John d’ailleurs, l’avait compris :

"Elle m’aurait tué, je le compris plus tard. D’une certaine façon – si j’étais demeuré amoureux d’elle – elle aurait été ma mort. Nous aurions été la mort l’un de l’autre."

Mais, me dira t-on, et vos fourches patibulaires…

C’est que l’adjectif “patibulaire” (1395 ; fourches patibulaires, lat. patibulum « gibet ») est loin d’être sans rapports avec la pendaison – et peut-être, si l’on en croit les annales nécrologiques, la bandaison. Au début, l’adjectif était inséparable de son substantif « fourche » puisque, à l’origine, tout bon gibet était constitué de deux fourches plantées en terre et supportant une traverse à laquelle on suspendait les suppliciés. Le latin patibilum désignait proprement « la fourche sur laquelle on étendait les esclaves fautifs pour les battre à coups de verge (du verbe patere « être exposé » [cf. patent]. Par métonymie (1675), il a signifié « digne de la potence » puis « inquiétant », « louche ».

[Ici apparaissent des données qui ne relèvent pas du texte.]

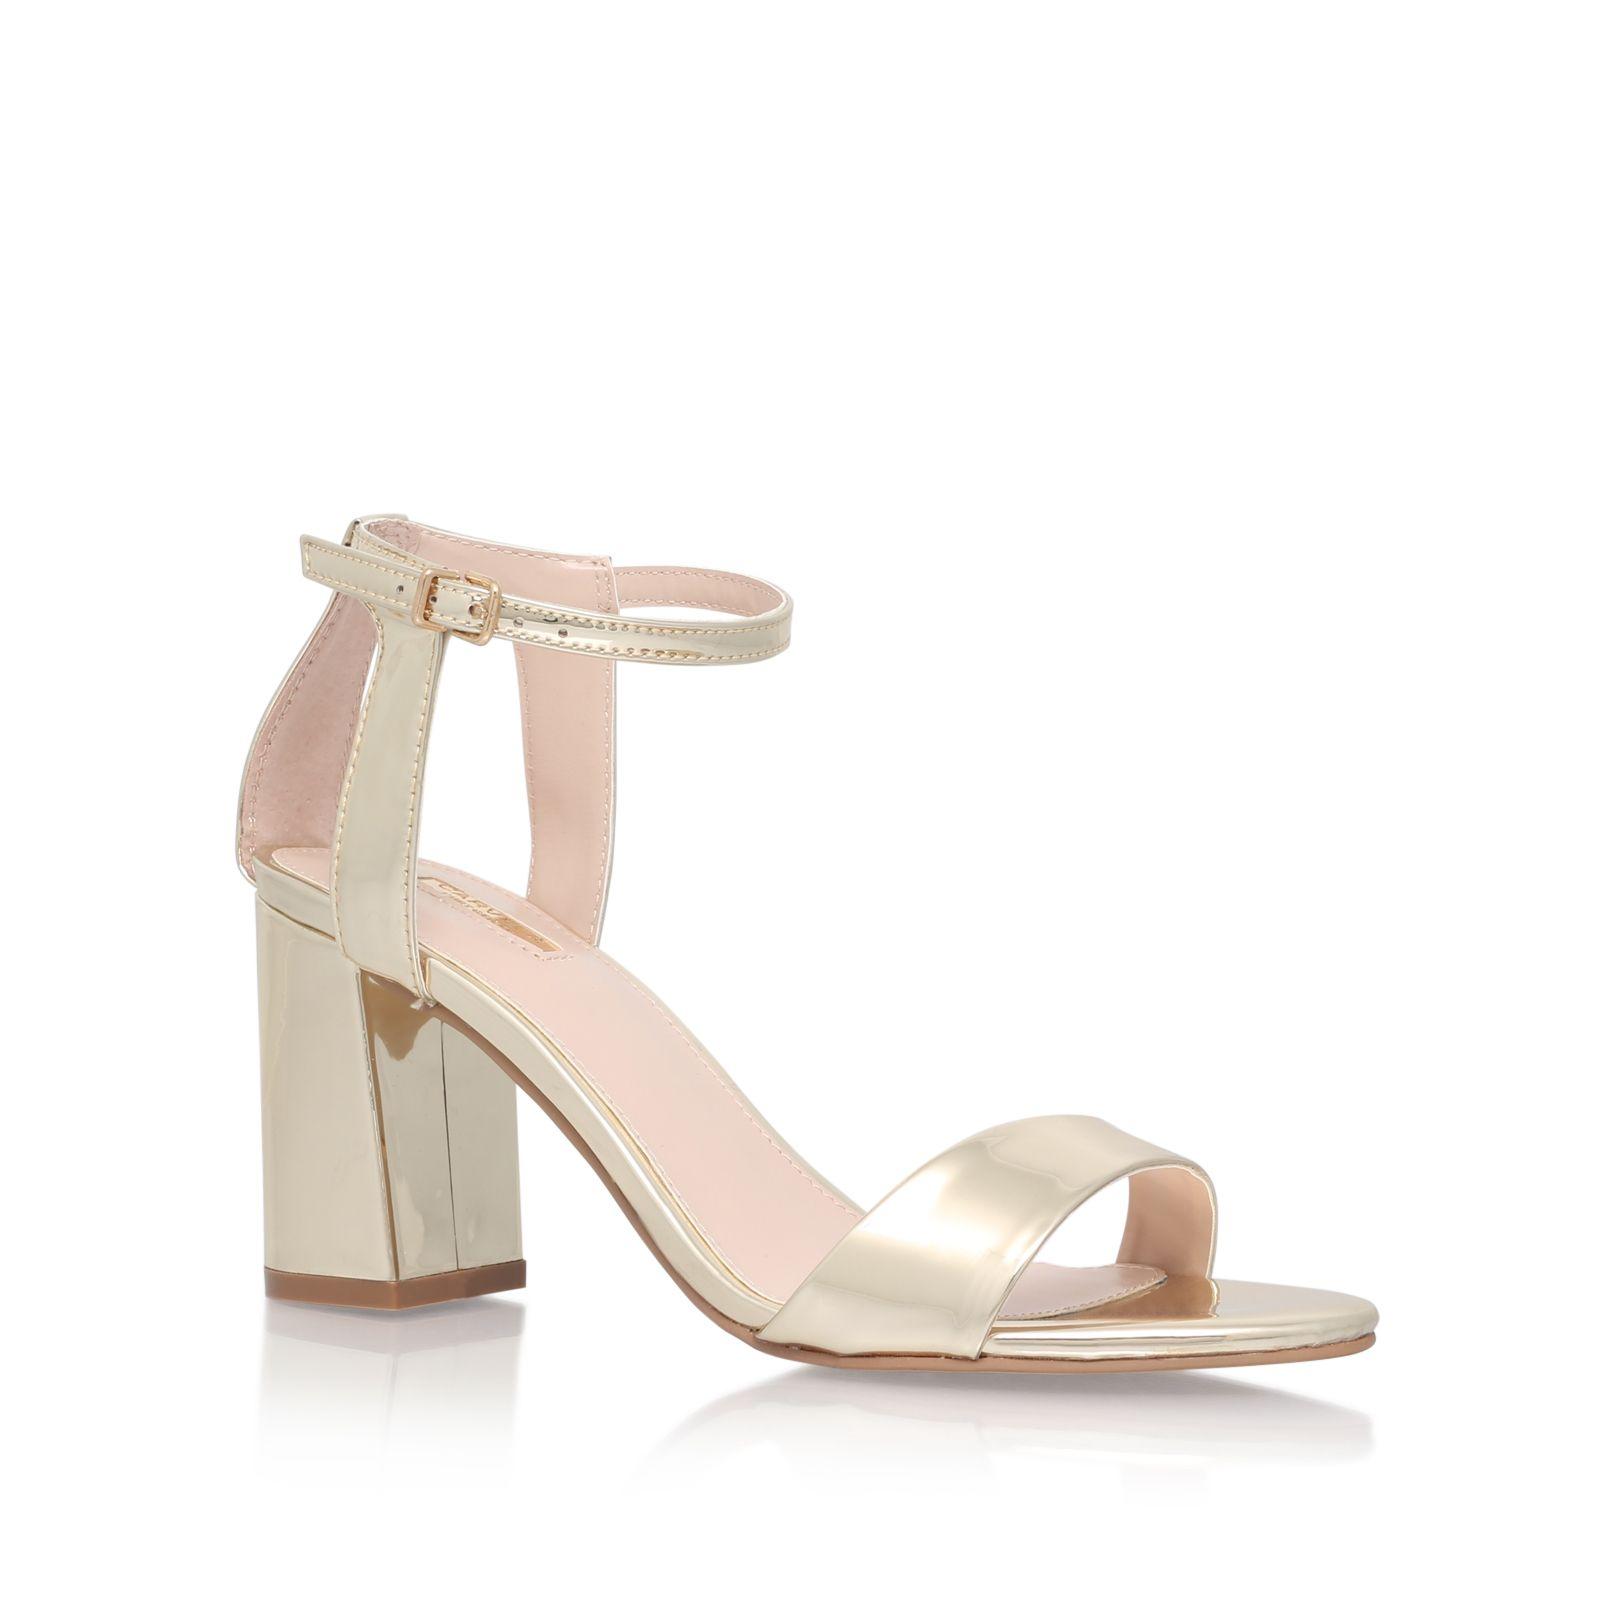 49579be06e64 Shop GIGI Gold Mid Heel Sandals by CARVELA at official Kurt Geiger Site.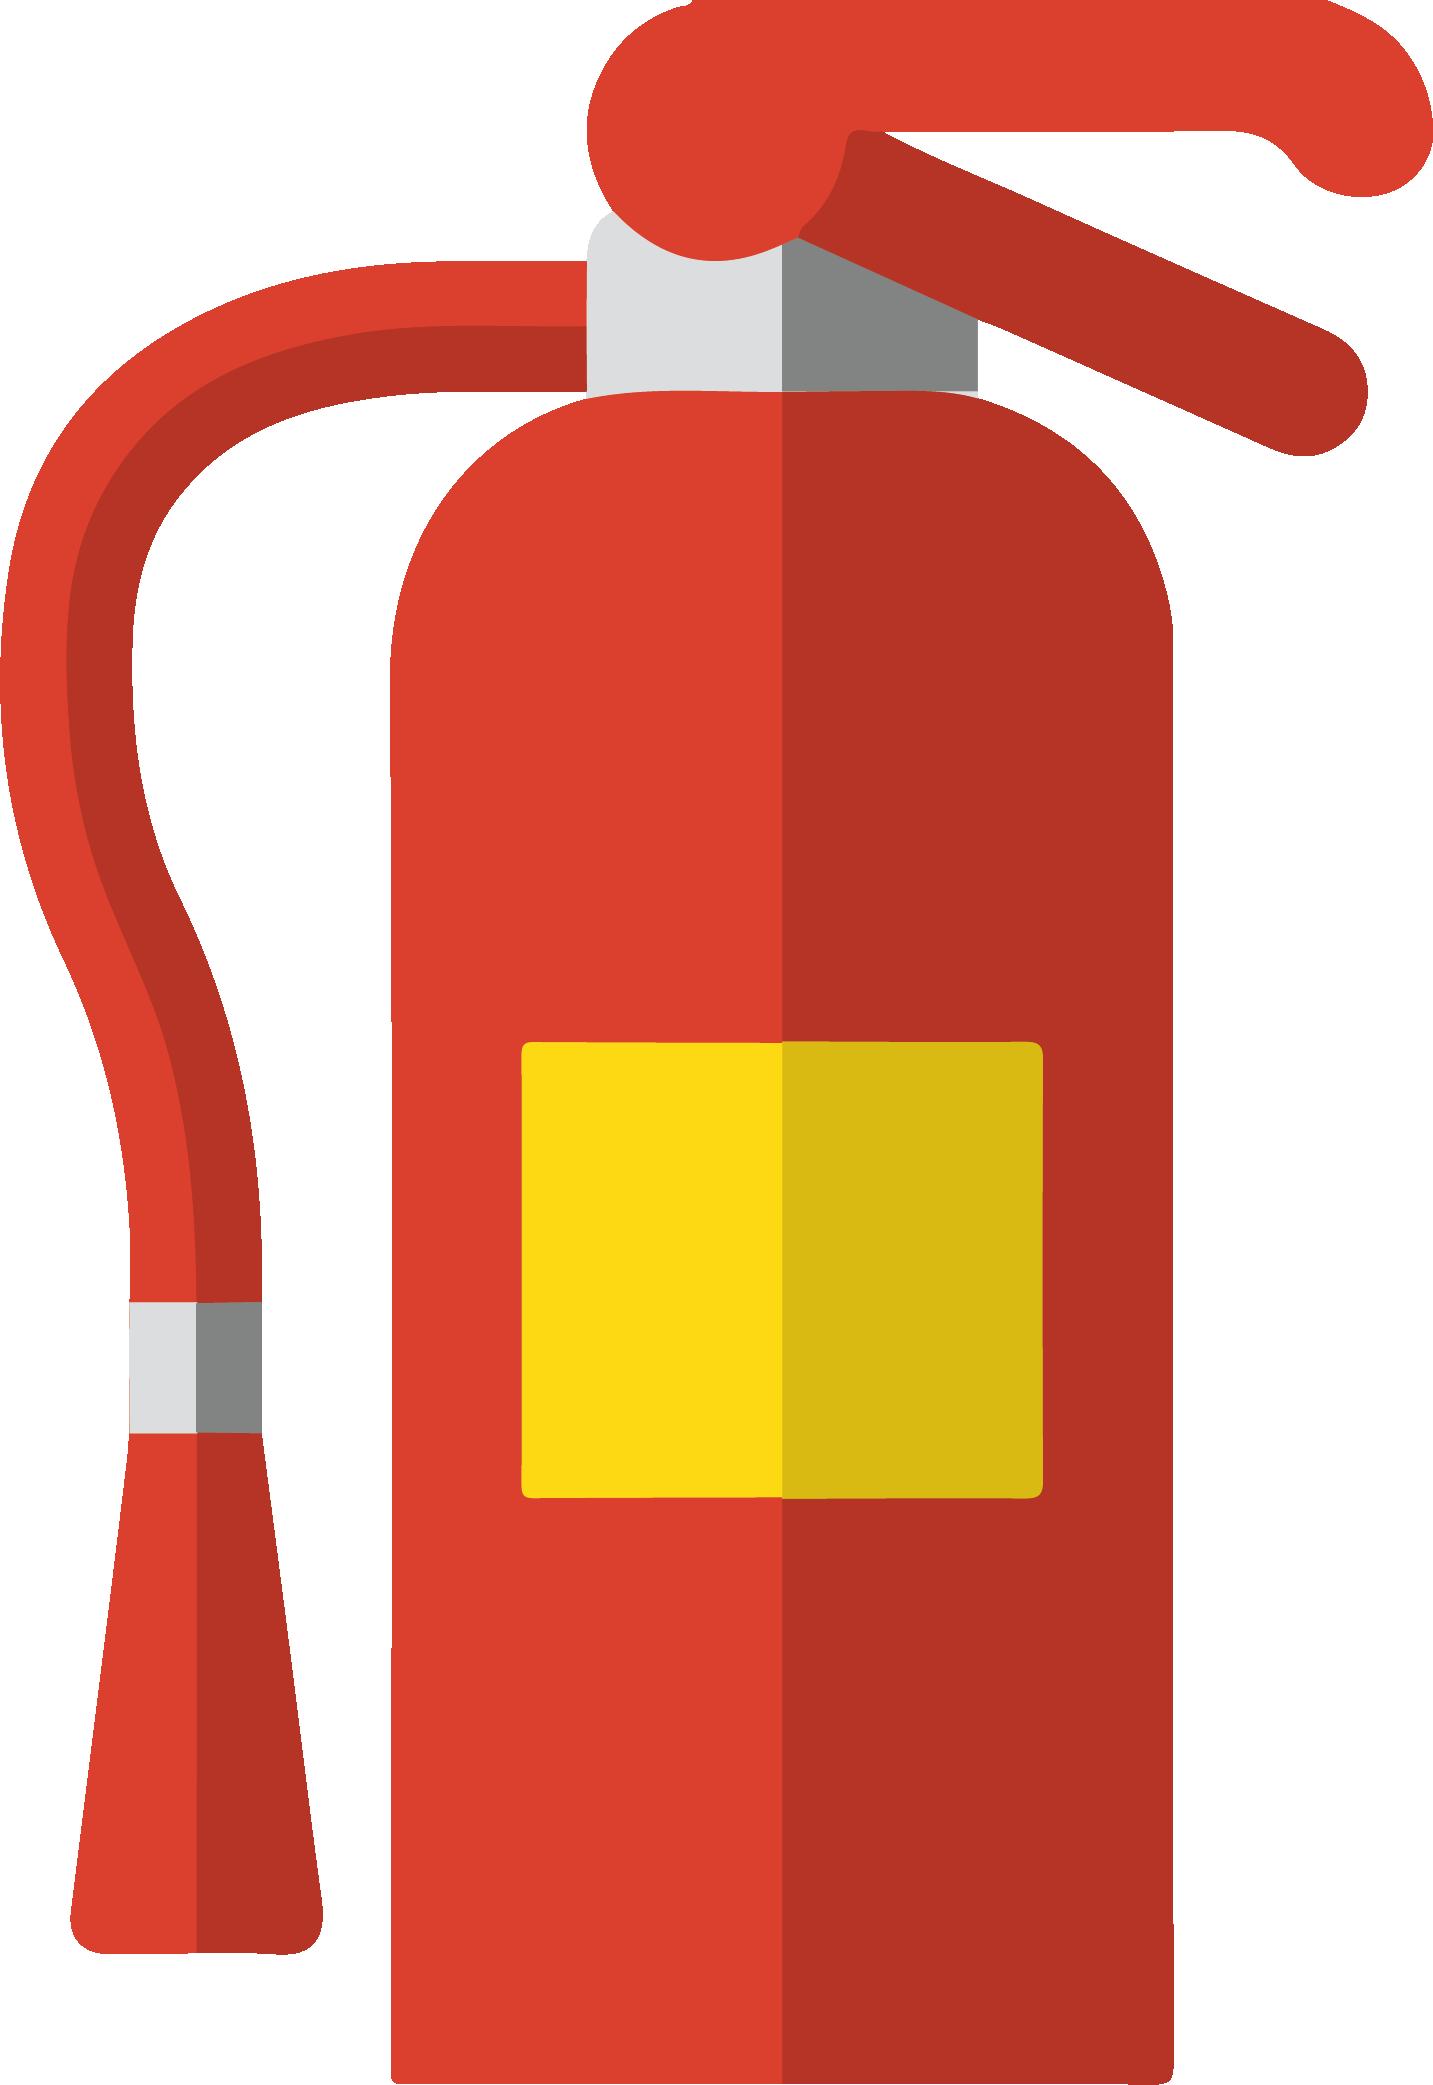 Extinguisher Png Image Extinguisher Png Images Png

« Les femmes du peuple ont une singulière superstition ; celles qui sont stériles s’imaginent que, pour devenir fécondes, il faut passer devant les corps morts des criminels qui sont suspendus aux fourches patibulaires ». Buffon, Histoire naturelle.

Eternel rendez-vous Eros / Thanatos…

Une autre ? « Le scélérat [renard] …

Passa près d’un patibulaire ;

Là, des animaux ravissants

Blaireaux, renards, hiboux…

Pour l’exemple pendus… La Fontaine, Fables.

Et si « patibulaire » nous est venu du latin, « gibet » (n.m. 1155 ; gibb « bâton fourchu »), lui, nous fut donné par nos cousins, les Germains, les Franciques en particulier. Décidément, hors la fourche – dans toutes les acceptions du terme – point de salut !

« Lors bien peu s’en fallut, sans plus longtemps attendre,

Que de rage au gibet je ne m’allasse pendre » Régnier, Satires.